We got a cache this weekend that when was placed was intended to be a 2 day hike, however we did it in 40 minutes as well we know the backroads. We didn’t drive anywhere we shouldn’t have and never broke my personal values, we walked on the intended trail from our location. However did we fulfill the values of the person who placed the cache, he may be disappointed that someone got it as easy as they did. We didn’t uphold his values, but that would be impossible to do through caching as you would have to uphold everyone’s values without knowing theirs. So what do we do? Makes you realize that you can justify anything if you want -

Back to where I was going I’m off again. The game is changing, but it’s not all bad – Underneath we have to look at the real reason why these things are happening. Taking some of the areas – they’ve been hit by a loss of revenue due to the pine beetle, which is what killed the beautiful tree the kids where chopping down, the revenue needs to be added back in so people can eat and feed their children so they don’t have to put their own ethics into question by looking at stealing and doing things they shouldn’t have to so that they can feed their babies.

What a wicked web we weave as humans – I think we all should move to the mountains, get rid of money and live in utopia of the 60’s.. oh right that would involve Drugs that I don’t agree with – but my views on pot in retrospect are due to my brothers death so again a bad experience has tainted them.
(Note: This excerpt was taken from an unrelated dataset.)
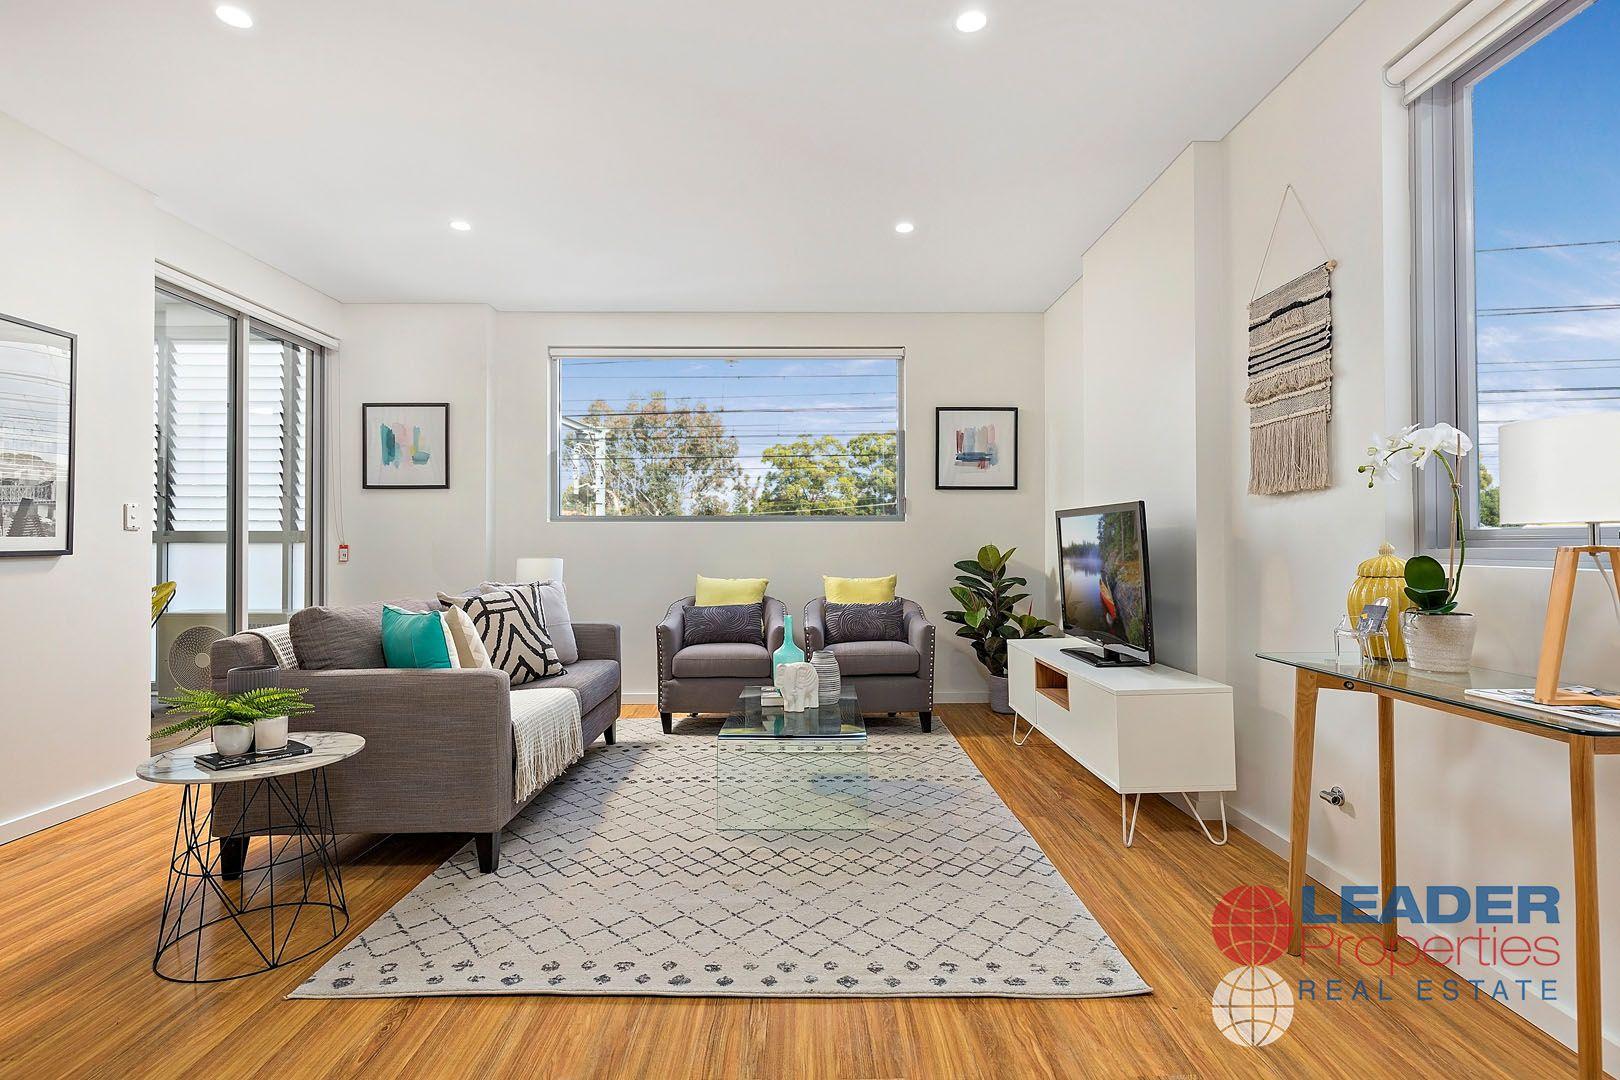 1 Bed/22-24 Grosvenor Street, Croydon NSW 2132, Image 0

So to help people that are being impacted by the fact that a beetle hitched a ride on a long boat from China part of the solution is to be putting plastic tupperwear in the forest - I'm confused on how we got here.. what was that again.

So in the end what am I to do? Well learn to see the otherside, stay off my soap box, let Jordy & I find more peace and balance between his 4x4 and my need to cache, understand that life is not full of people with my exact values – if they were then we’d all be the same. Judge less (hey I thought I wasn’t judgmental – boy did I have a wake up call) and stand at the top of a mountain shouting how beautiful it is and turn it back into a game full of memories.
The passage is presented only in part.